Hopcroft-Karp (1973): find multiple vertex-disjoint shortest augmenting paths per phase. O(E·√V).

The √V comes from the fact that after √V phases, all remaining augmenting paths have length > √V, and there can be at most √V such paths.

Hopcroft-Karp is a special case of Dinic’s algorithm applied to a unit-capacity bipartite flow network. If you have Dinic, you have Hopcroft-Karp.

Interview Context

Bipartite matching shows up in:

ICPC (constant)
Assignment problems (jobs ↔ workers)
Some quant interviews on portfolio matching
Compiler register coalescing
Almost never in standard FAANG interviews

Recognizing that a problem is bipartite matching is the high-leverage skill; the algorithm is well-known.

When to Skip This Topic

Skip if any of these are true:

You’ve already done Lab 01 (Dinic handles bipartite matching as a special case)
You’re not targeting competitive / quant / assignment-heavy roles
You have less than 2 weeks for this phase

The reduction skill is what matters. Skip the algorithm if you can recognize the reduction and use Dinic.

Problem Statement

Maximum Bipartite Matching.

Given a bipartite graph with L left vertices, R right vertices, and M edges, find the maximum matching size.
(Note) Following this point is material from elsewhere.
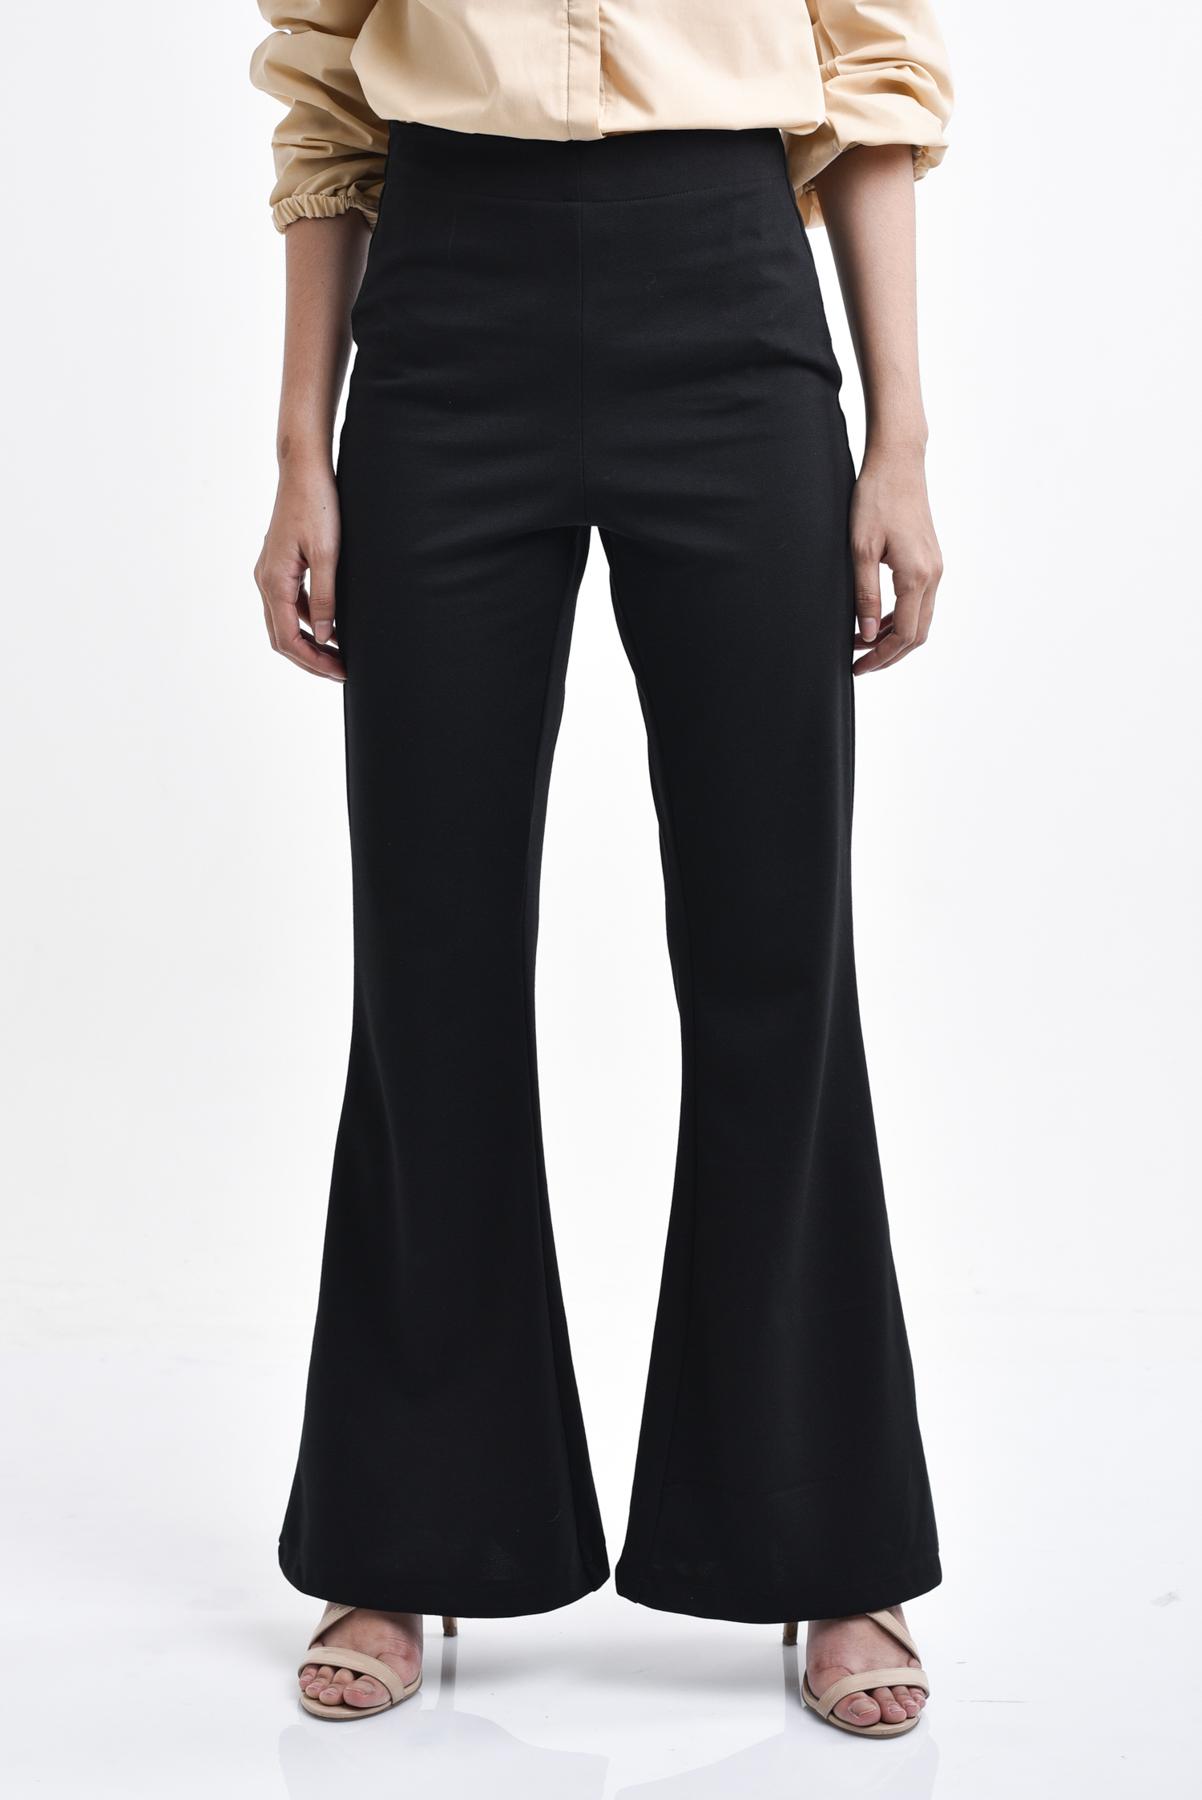 Lestari Pants in Black

Variant: Job Assignment. N workers, N jobs. Worker i can do a subset of jobs. Assign each worker to at most one job, each job to at most one worker. Maximize assignments.

Constraints

1 ≤ L, R ≤ 10^5
1 ≤ M ≤ 10^6
Wall-clock: < 1 sec

Clarifying Questions

Are the partitions L and R given, or do I need to detect bipartiteness? (Usually given.)
Are edges weighted? (No — that’s a different problem: Hungarian algorithm or min-cost max flow.)
Output the matching or just the size? (Both versions are common.)

Examples

L = {1, 2, 3}, R = {a, b, c}
Edges: 1-a, 1-b, 2-b, 3-c
Max matching: {1-a, 2-b, 3-c}, size = 3

L = {1, 2}, R = {a, b}
Edges: 1-a, 2-a
Max matching: {1-a} or {2-a}, size = 1

Brute Force

Try all subsets of edges; check that no vertex appears twice; track max. O(2^M · M).
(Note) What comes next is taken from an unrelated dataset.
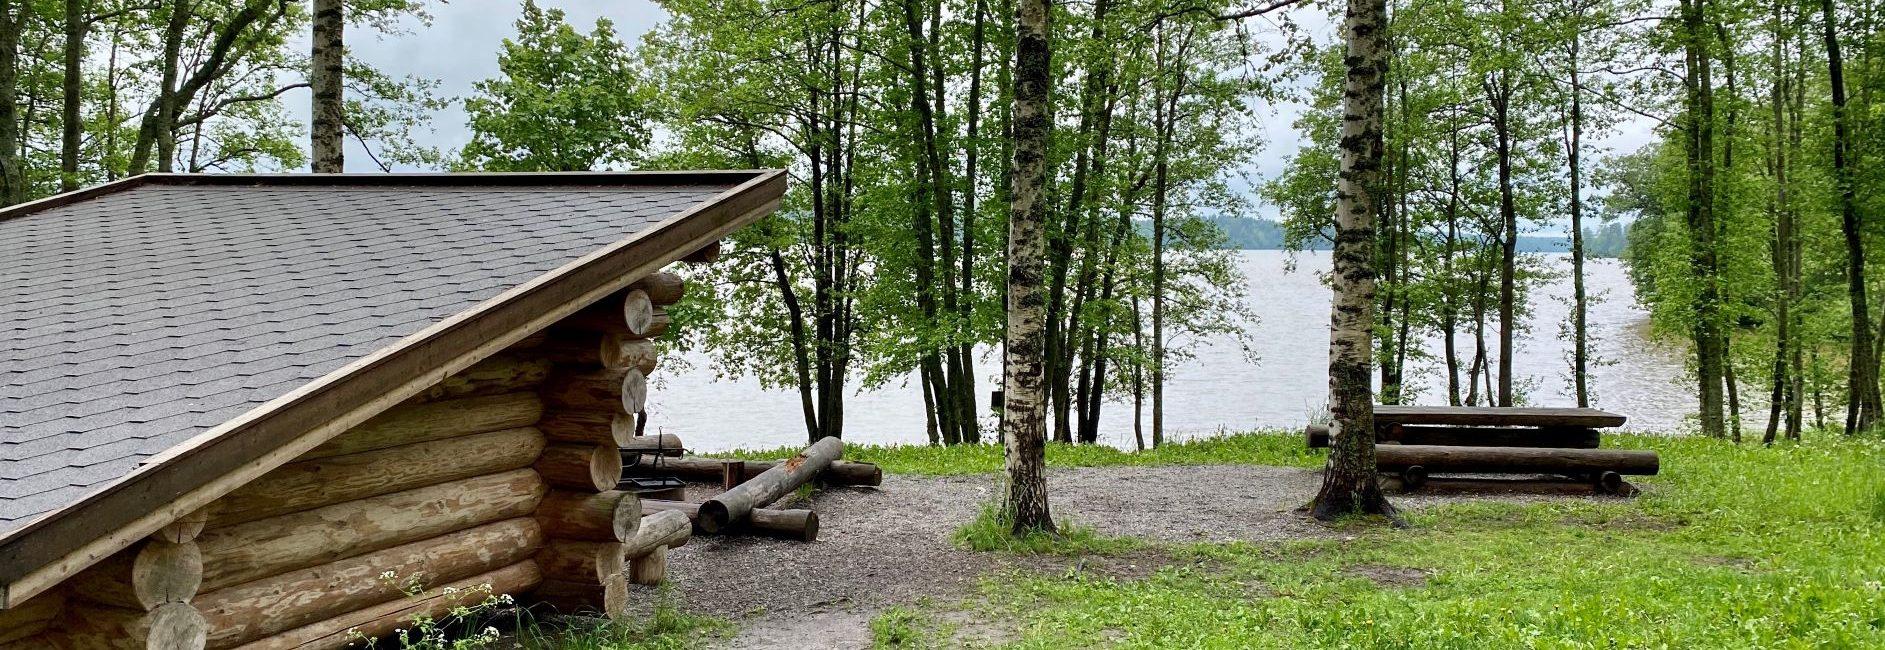 Puumanni lean-to shelter Pääkslahti nature trail

Better naïve: for each left vertex in order, DFS to find an augmenting path. O(V·E).

Brute Force Complexity

Subsets: O(2^M)
Per-vertex DFS: O(V·E). Acceptable for V·E ≤ ~10^7.

Optimization Path

Hopcroft-Karp:

Phase 1: BFS from all unmatched left vertices, computing layers in the residual graph.
Phase 2: DFS from each unmatched left vertex, finding vertex-disjoint shortest augmenting paths.
Repeat until no augmenting path exists.

The phase count is O(√V), giving total O(E·√V).

Final Expected Approach

class HopcroftKarp:
    def __init__(self, left_size, right_size):
        self.L = left_size
        self.R = right_size
        self.adj = [[] for _ in range(left_size)]
        self.NIL = -1
    
    def add_edge(self, u, v):
        self.adj[u].append(v)
    
    def _bfs(self):
        q = deque()
        self.dist = [float('inf')] * self.L
        for u in range(self.L):
            if self.match_L[u] == self.NIL:
                self.dist[u] = 0
                q.append(u)
        found = False
        while q:
            u = q.popleft()
            for v in self.adj[u]:
                pair = self.match_R[v]
                if pair == self.NIL:
                    found = True
                elif self.dist[pair] == float('inf'):
                    self.dist[pair] = self.dist[u] + 1
                    q.append(pair)
        return found
    
    def _dfs(self, u):
        for v in self.adj[u]:
            pair = self.match_R[v]
            if pair == self.NIL or (self.dist[pair] == self.dist[u] + 1 and self._dfs(pair)):
                self.match_L[u] = v
                self.match_R[v] = u
                return True
        self.dist[u] = float('inf')
        return False
    
    def max_matching(self):
        self.match_L = [self.NIL] * self.L
        self.match_R = [self.NIL] * self.R
        matching = 0
        while self._bfs():
            for u in range(self.L):
                if self.match_L[u] == self.NIL and self._dfs(u):
                    matching += 1
        return matching

Data Structures

Adjacency list (left → list of right)
match_L[u], match_R[v]: current partner or NIL
dist[u]: BFS layer of left vertex
Queue for BFS

Correctness Argument

Augmenting path: path alternating unmatched-matched-unmatched… edges, starting and ending at unmatched vertices. Flipping the edges along the path increases matching size by 1.
Berge’s theorem: matching is maximum iff no augmenting path exists.
Hopcroft-Karp: in each phase, finds a maximal set of vertex-disjoint shortest augmenting paths. After √V phases, no short augmenting paths remain; at most √V remaining ones contribute one each.

Complexity

Time: O(E · √V)
Space: O(V + E)

For V = 10^5, E = 10^6: roughly 10^7.5 ≈ 3·10^7 ops — well under 1 sec in C++.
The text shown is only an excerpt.